Hot on the back of news that The Independent and its sister Sunday title are set to go digital-only in March, Trinity Mirror has announced that it’s set to launch ‘New Day’ – the UK’s first new national newspaper for 30 years.

Papers

In a nod to ‘time-poor’ readers who flirt between content, New Day promises to provide a ‘ruthless edit of the day’ in a bid to help arrest the long-term decline in national newspaper readership.

What’s behind these seismic changes in our national newspaper industry?

The back story is that newspaper advertising spend has fallen by a third in five years and social media is challenging and even dismantling papers’ digital strategies – to date based on erecting paywalls, building large global audiences for advertising or publishing sponsored editorial and video content.
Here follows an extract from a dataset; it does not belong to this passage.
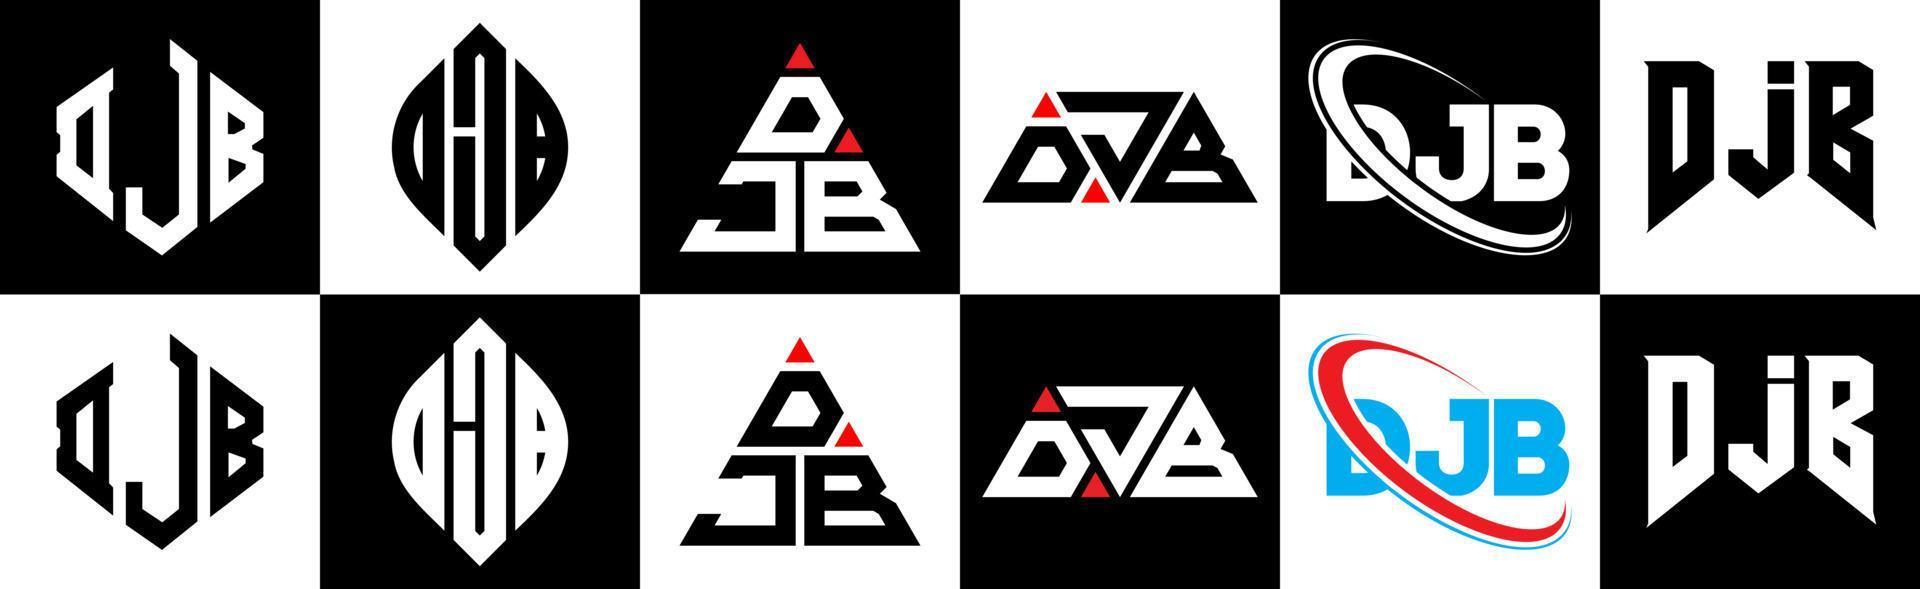 DJB letter logo design in six style. DJB polygon, circle, triangle, hexagon, flat and simple style with black and white color variation letter logo set in one artboard. DJB minimalist and classic logo vector

Meanwhile, papers’ online advertising – under attack from adblockers and their sponsored content, or so-called ‘native advertising’ – has proven expensive to create and arguably failed to deliver the large audiences that major corporates and big-name FMCGs demand.

In response, the nationals are diversifying. Examples include The Sun, which is set to launch an online betting site, and The Guardian, which is growing a membership scheme with incentives such as events for members.
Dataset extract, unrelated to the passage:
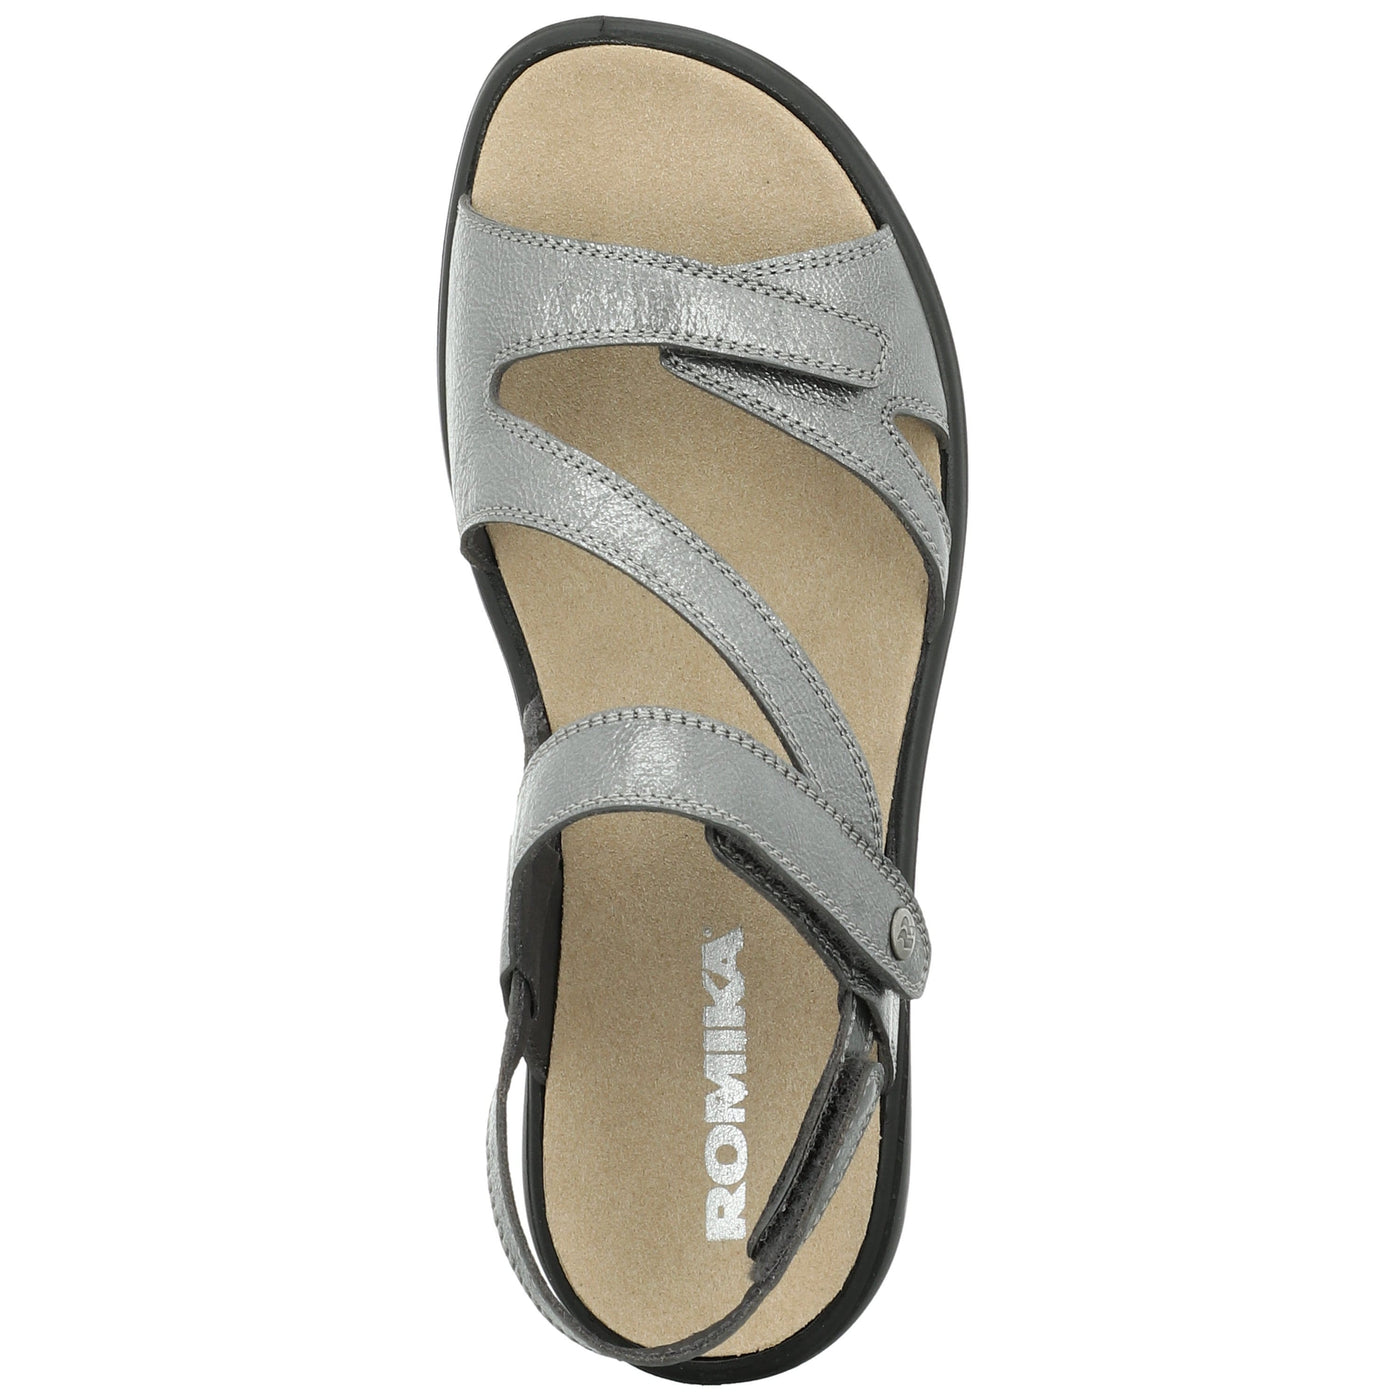 Romika Ibiza 105 | Chaussures confortables - Sandales dame

Experience dictates that website traffic alone won’t generate revenue for newspapers, although some commentators think that there’s an opportunity for papers to drive ecommerce – and perhaps even micropayments for single articles – to their audiences.
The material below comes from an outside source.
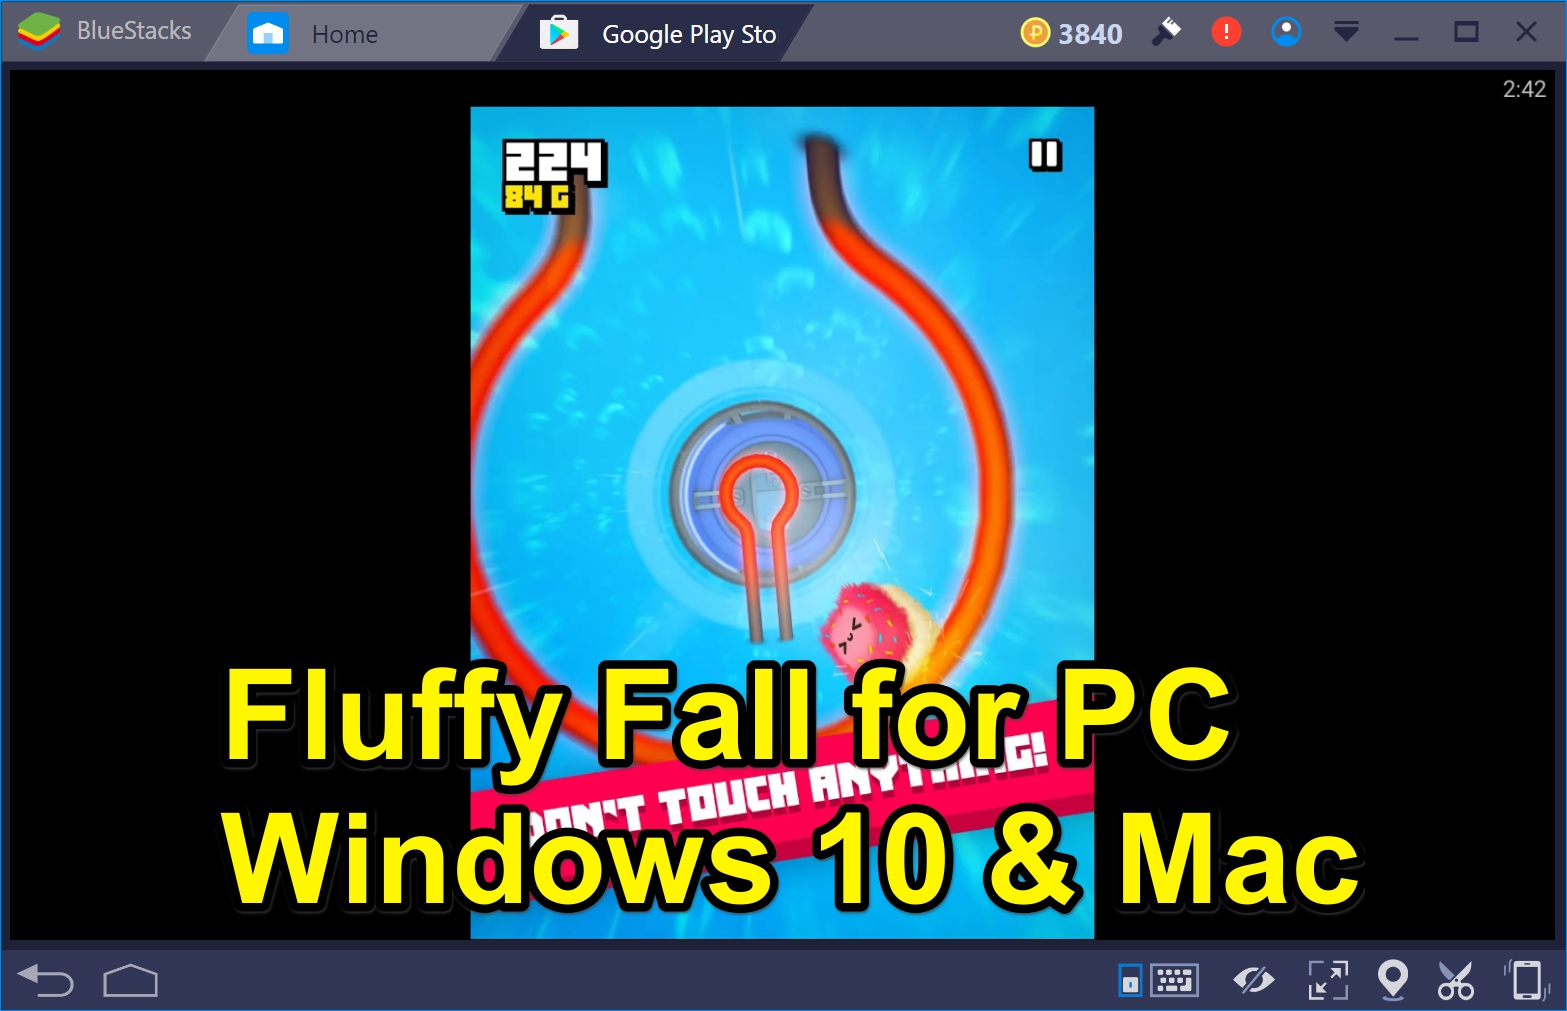 Fluffy Fall for PC Windows 10 Free Download

For years papers have been investing in websites, putting up paywalls and building Apps – but arguably the nationals are losing their digital relationship with their readers – with the likes of Facebook and Google pushing new types of media platforms to make news sites more accessible on mobile devices.

Some predict that the big tech giants will end up commissioning quality national news brands to run their articles – in the way that some cable television providers pay to broadcast popular channels.

This would prove a game-changing moment for newspaper brands – making them dependent on third parties to decide whether to publish their content – and share revenue.

What’s clear is that online readers act differently to traditional newspaper readers – they consume content through social media sites and flirt between a variety of different sources.

Perhaps the cliché ‘content is king’ really is true after all and the winners will be the newspaper brands which create the best content or who distribute it the most effectively – not those intent on publishing a mix of content and a bit of everything.